*WHAT THE EXERCISE ASKS*:
Only a slice of the listing below is wanted. Retype the lines from the one containing "Components for a" through the one containing "Eddie Murphy as", exactly, both ends included.

*DATA IN THIS EXERCISE*:
● ● ●

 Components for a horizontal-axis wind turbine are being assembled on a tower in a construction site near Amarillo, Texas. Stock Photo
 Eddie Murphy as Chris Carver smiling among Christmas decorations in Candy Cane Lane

● ● ●

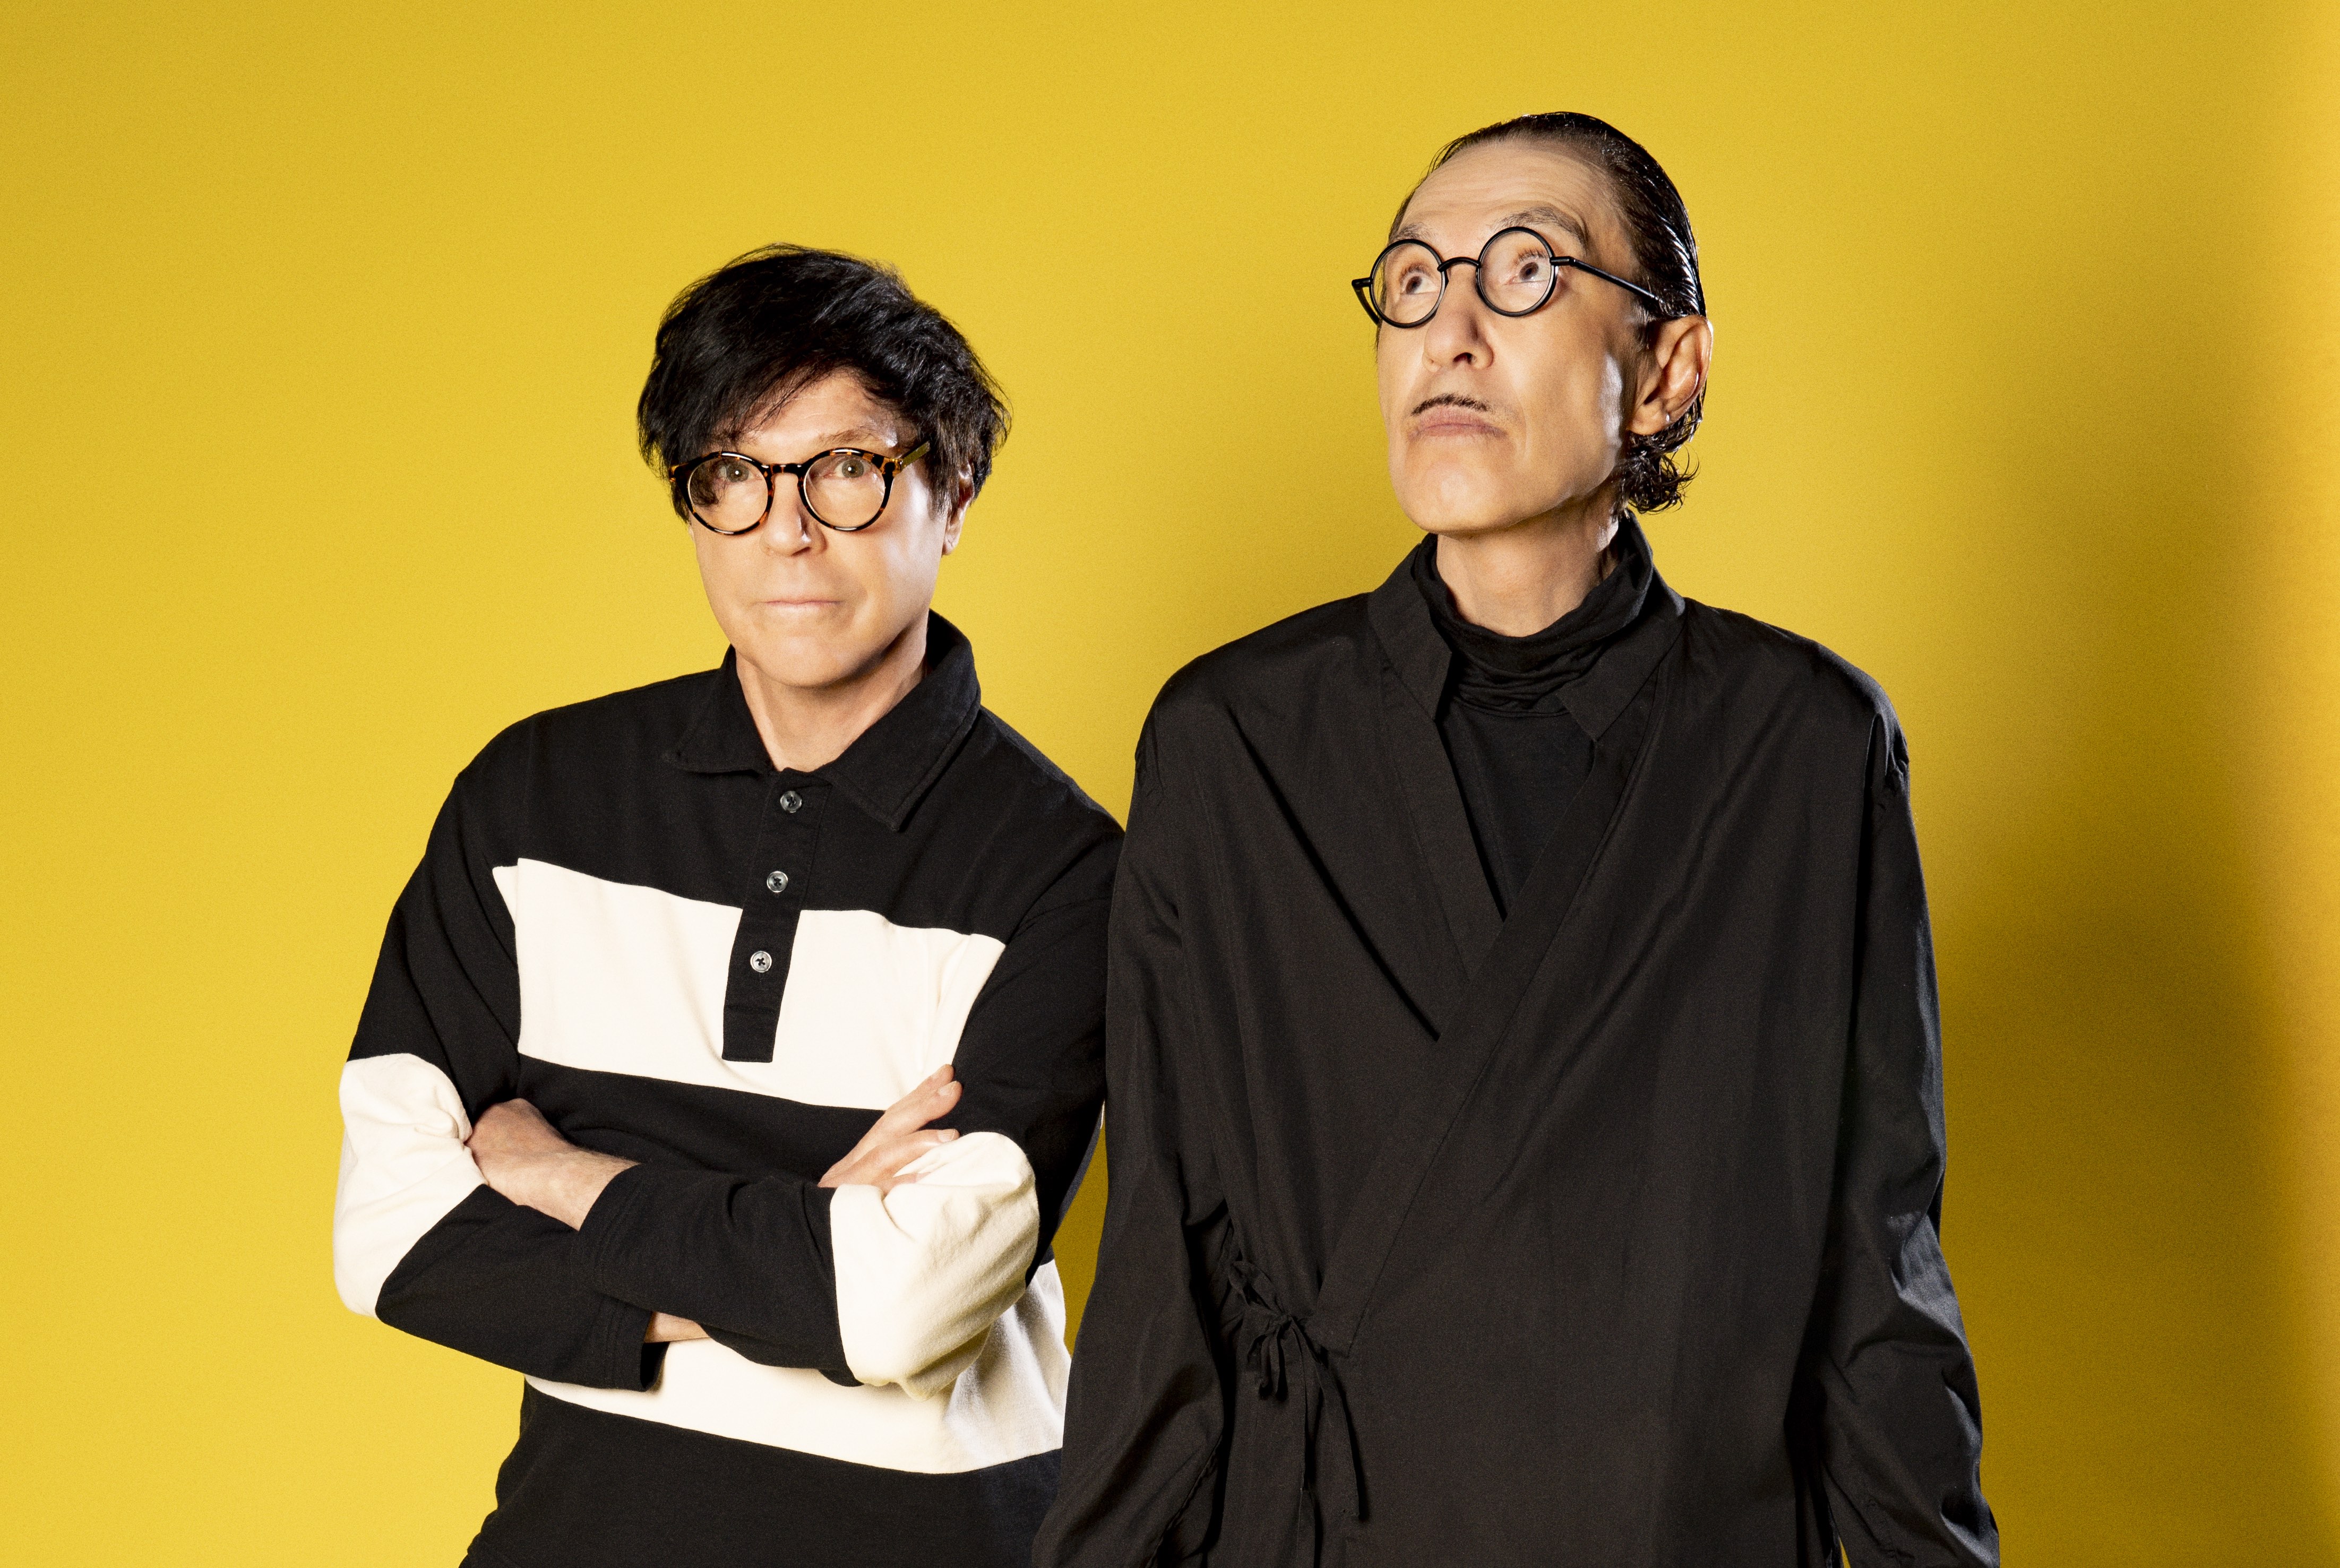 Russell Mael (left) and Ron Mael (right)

● ● ●

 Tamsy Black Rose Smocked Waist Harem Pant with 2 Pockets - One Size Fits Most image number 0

● ● ●

*EXERCISE RESULT*:
 Components for a horizontal-axis wind turbine are being assembled on a tower in a construction site near Amarillo, Texas. Stock Photo
 Eddie Murphy as Chris Carver smiling among Christmas decorations in Candy Cane Lane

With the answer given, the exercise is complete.